Exactly what is it? Jon Klimo, author of a sympathetic yet thorough

survey of channeling, says it “is a phenomenon in which otherwise

ordinary people seem to let themselves be taken over by, or in other

ways receive messages from, another personality who uses them as a

conduit, medium, or channel for the communication — hence the term

medium or channel.” [2]

 

One of the more popular channelers is J.Z. (Judy Zebra) Knight.

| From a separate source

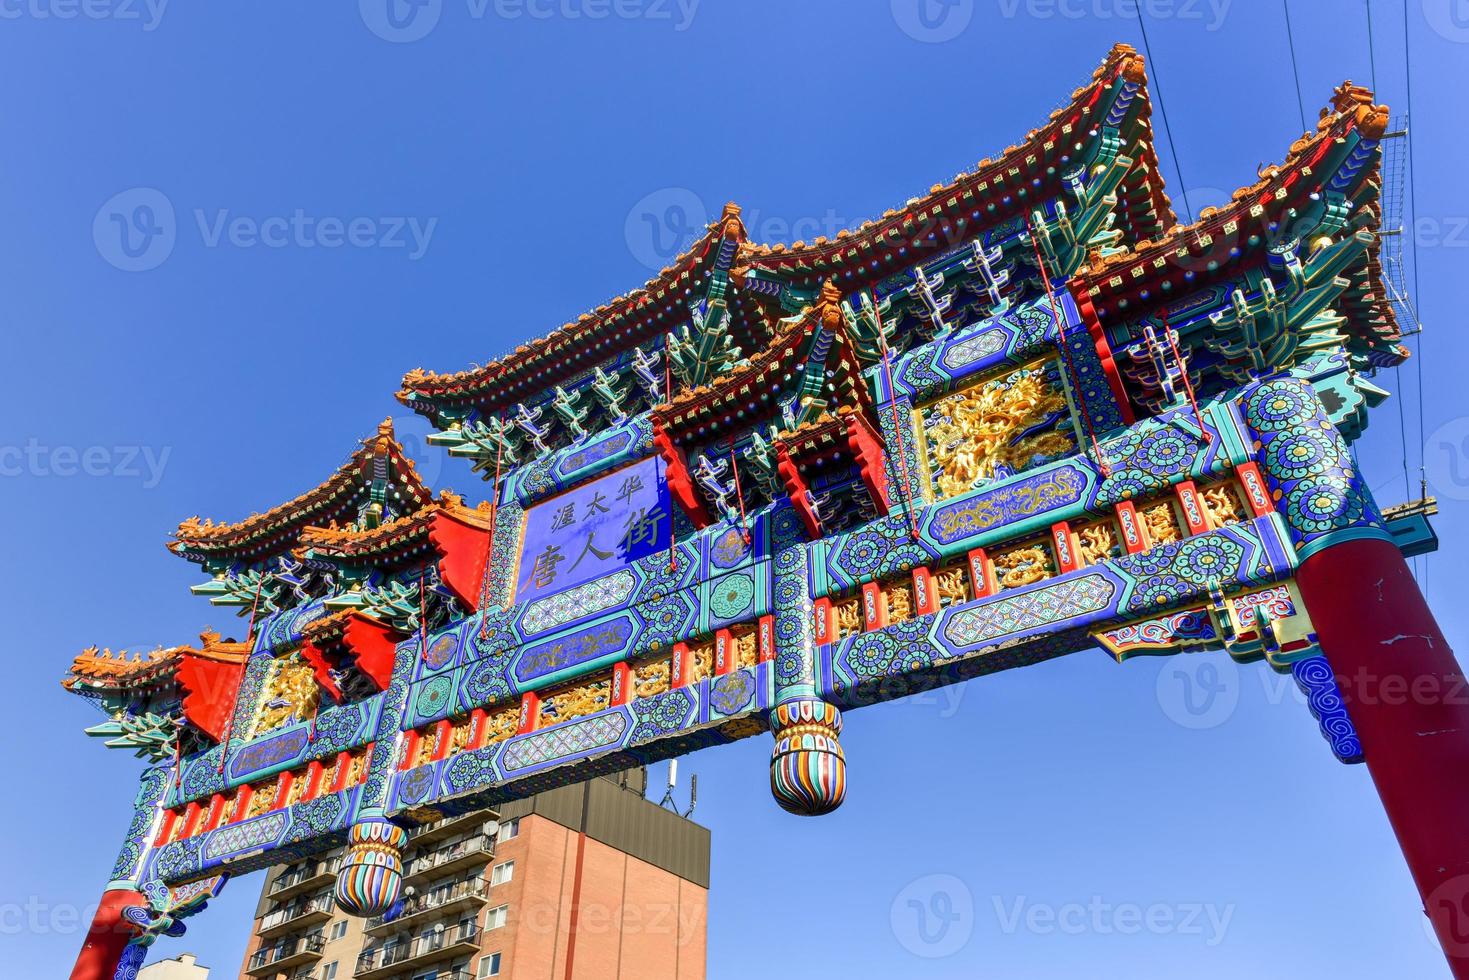 de kunglig kejserlig båge i Ottawa, Kanada. den märken de ingång av de china område i Ottawa. rik i symbolism, de Centrum blå panel på de båge är kinesisk tecken ordspråk ottawa chinatown. foto

She

channels Ramtha, also known as “the Ram,” supposedly a 35,000-year-old

being from Atlantis who invented the practice of war. I like Martin

Gardner’s summary of Ramtha’s story: “Slowly he came to realize that he

himself was part of the God he hated. After 63 OBEs [out-of-body

experiences], his body vibrating faster than light, he became one with

the wind. On the side of Mount Indus, in Tibet, free of weight, he

ascended into the Seventh Heaven, where he and God became one. He is

now part of an ‘unseen brotherhood’ of superbeings who love us and hear

our prayers.” [3] Ramtha has made Knight a millionairess several times

over; she, in turn, has had Ramtha’s name copyrighted to prevent anyone

else from channeling him.

 

Penny Torres and Jach Pursel are the two most popular rivals to J.Z.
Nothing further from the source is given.